# Goodbye my Stella - I miss you



## nowie (Jun 5, 2008)

I posted before about my male cat Leo and FLUTD, but this time it is the female, Stella. She is 6-1/2 years.

She had been vomiting for 2 days (Thursday and Friday), and coughed up a piece of yarn my daughter was making necklaces with. She then seemed somewhat fine for the rest of that day. Come Saturday (yesterday), she is no longer eating, and is hiding in odd places all day long. Late last night, my husband and I both confirmed that she was not acting right... breathing strangely, unresponsive, refusing food, limp.

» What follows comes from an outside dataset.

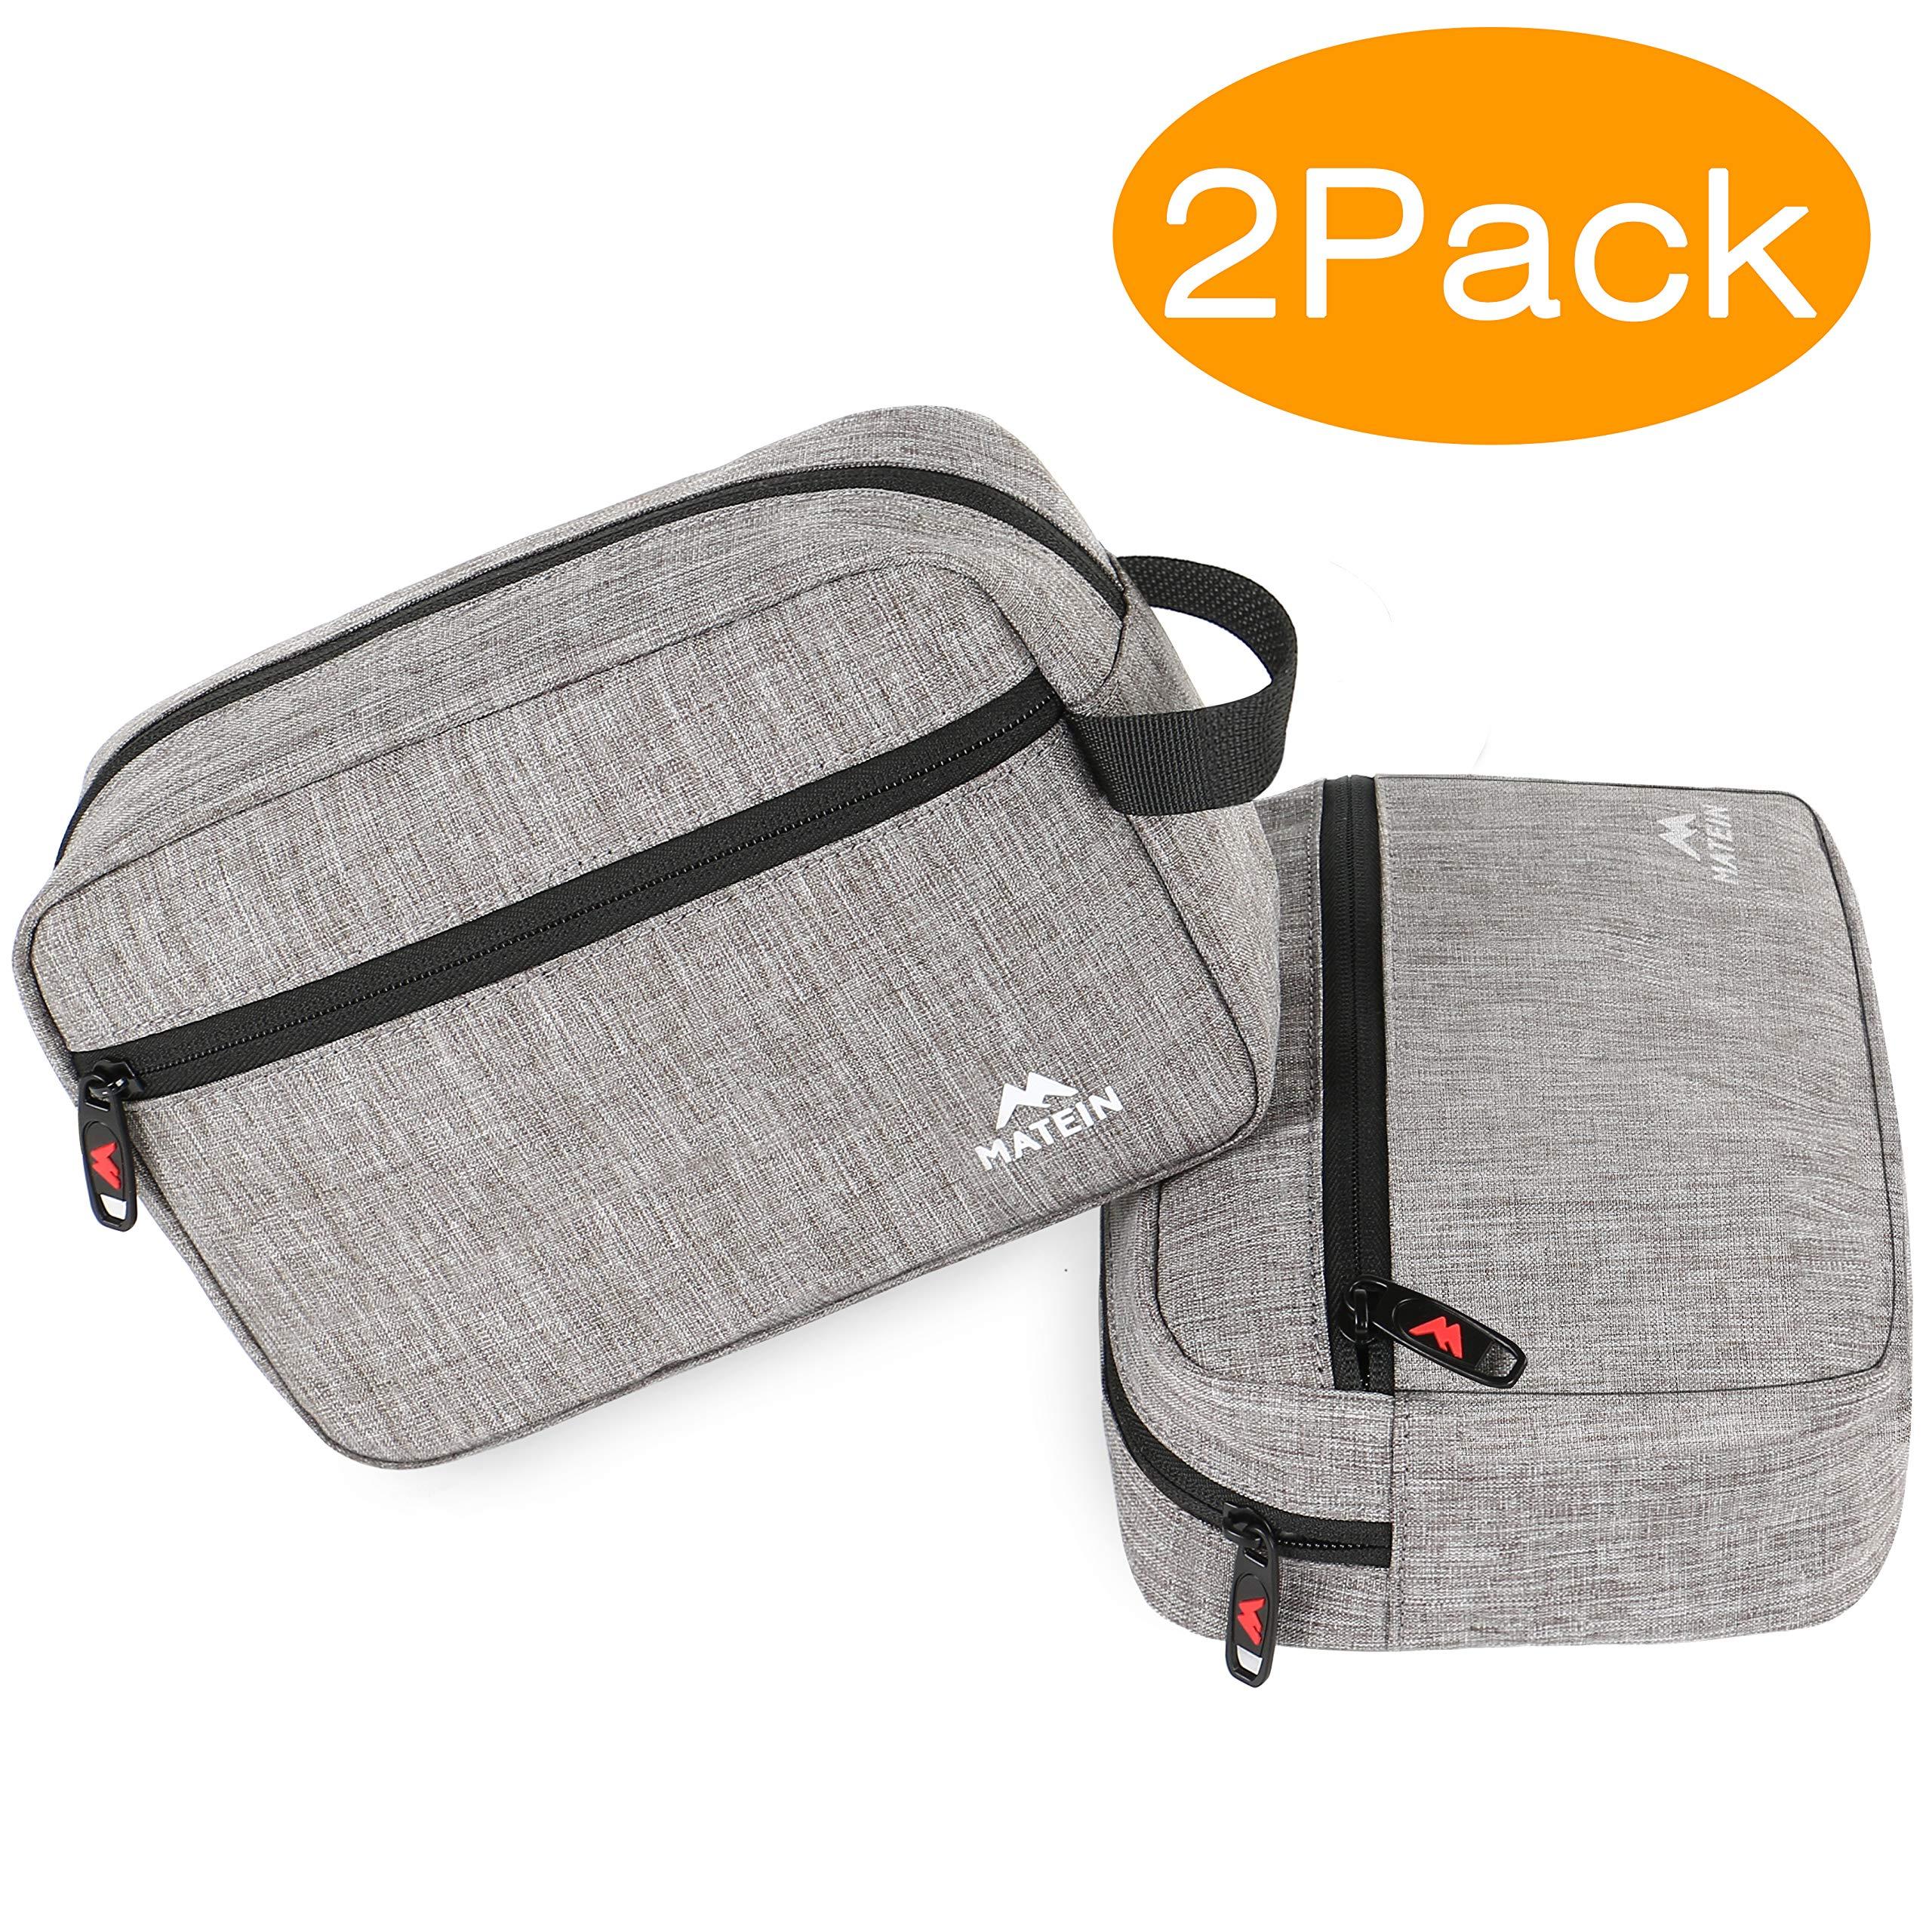 MATEIN Dopp Kit, (2 Packs) Travel Toiletry Bag Travel Kit Bag Canvas Shaving Bag, Toiletry Organizer for Men with TSA approved

I took her to emergency care and they took x-rays. They did not see anything in her intestines. The doctor did not like her breathing, heard a heart murmur, and they admitted her overnight. This morning, doctor says Stella is very sick in critical care, and she seems to be getting worse. They had her on fluids, but had to take her off of it since her heart was not handling it well. She also has some fluids in her lungs, and very hard breathing. She is on oxygen now.

Doctor says the cardiologist can perform some ultrasounds tomorrow (Monday) to see what is wrong with her heart. However, she says Stella may not make it through the night. She may stop breathing on her own overnight. I asked what she recommends, and she said, "Some people decide not to go any further at this point." Stella is very very sick and even the cardiologist may be uncertain as to how to proceed since she is in such a weak condition.

I am not trying to decide whether to leaver her overnight and have her see the cardiologist and then decide what to do...
OR
Go visit her again later on and have her put to sleep while I'm there.

Anyone have any suggestions as to how to proceed? I called my normal vet and asked if there is a chance she would just spring back to normal, and he said possibly with long term medication, given she is even responding to it. Currently, any efforts they've made in clearing her lungs have been unsuccessful. I'm in disbelief this is all happening, as it is all so sudden. She was just fine a few days ago. No heart problems 3 months ago at her wellness visit. Thanks everyone for reading.


----------



## Heidi n Q (Nov 22, 2006)

*Re: possible heart failure?*

I wonder, since you say she vomited up a piece of yarn, if she didn't ingest a longer or different piece and it is causing her problems. I can't see heart problems cropping up so quickly, usually they come on slowly over time. I would think any heart-anything happening suddenly to a small animal would be mostly immediately fatal.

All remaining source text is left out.